I was doing the dishes, listening to a sermon given by Walter Brueggemann in which, talking about the story of Moses and Aaron trying to force Pharaoh to let the Children of Israel go by bringing plagues to the Egyptians, after pointing out that the plague of gnats was one that Pharaoh's scientific establishment was not able to duplicate with their magician's technology,  pointing out with that failure that the power structure of Egypt had thus been exposed as incapable of . . .  Well, he said it better than I can:

And what the Bible is all about is the endless discovery that the dominant political, economic, technological system cannot deliver security and cannot deliver happiness. 

And, I don't now, that's what we're discovering now.   We're discovering that the political economy in which all of us have been invested cannot make us safe and cannot make us happy.  

So the Gospel question is to whom shall we go.  And Yahweh is a candidate. 

And so what I mean to suggest is that the this liturgy, this contest [of who can make the plagues happen] is endlessly being replayed in the world.  And we are, all of us, tempted to imagine that the centers of power and wealth and wisdom will make us happier and safer and every time we're disappointed. 

And a more radical statement I have not encountered since I finished reading Good Pope Francis' Fratelli Tutti.  Here's Walter Brueggemann's entire sermon. 

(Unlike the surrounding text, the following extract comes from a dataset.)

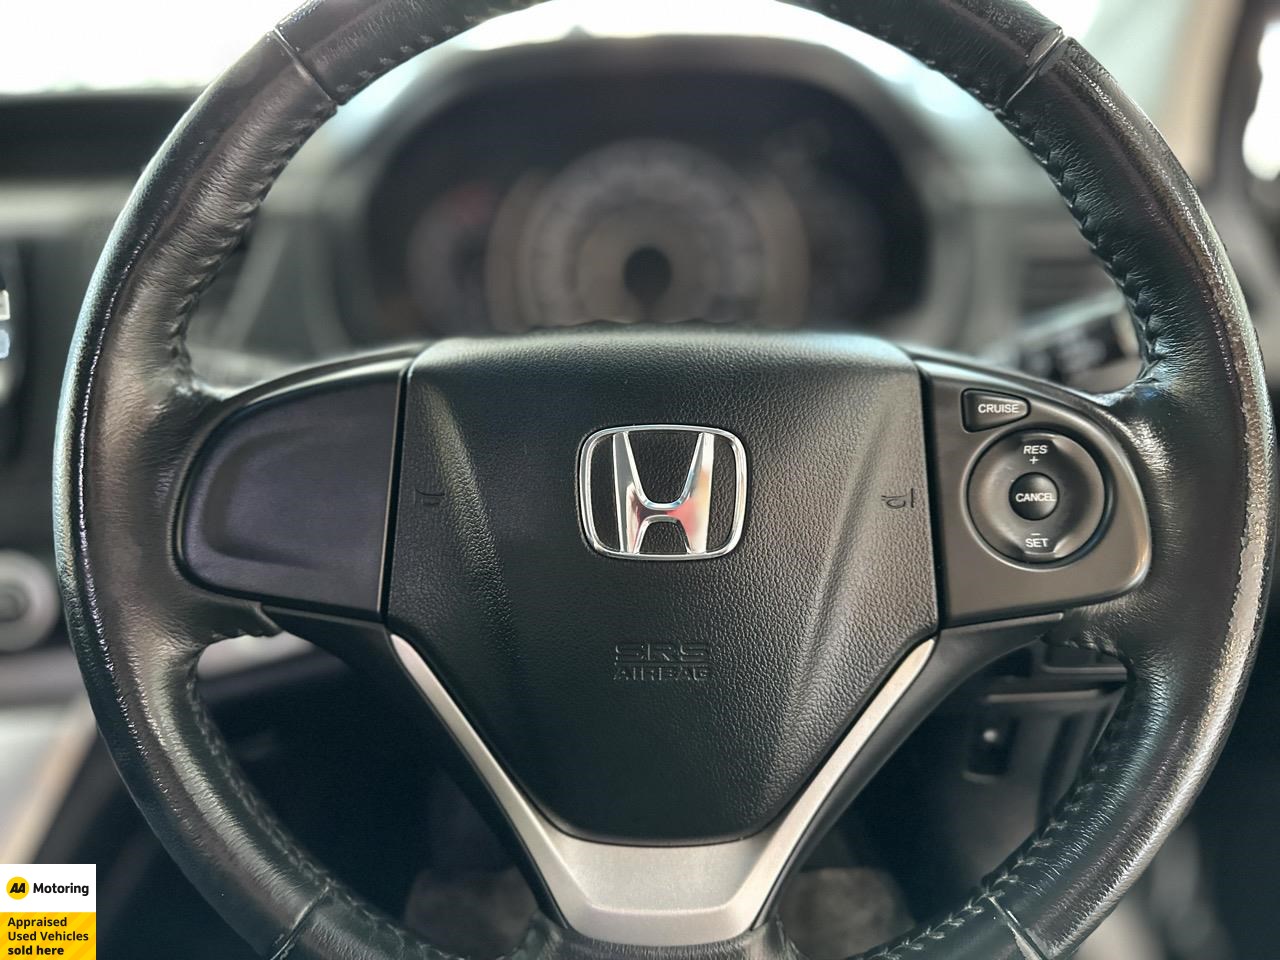 2012 Honda CR-V

You will notice that those things that will inevitably disappoint us are the products of "wisdom" of what the smart guys around us dream up that is supposed to explain everything and bring us to an optimal situation, what most of the popular ideologies does. Though some of them are too individual for that, those mostly make those who adopt them feel happy through cynicism or pessimism or solipsism, either a solipsism of existence or what solipsists don't admit to, of restricting the scope of their tender concern to themselves.  There's a lot of that going round, whether they know the word or, more likely, don't have a clue. We are ruled by one of those.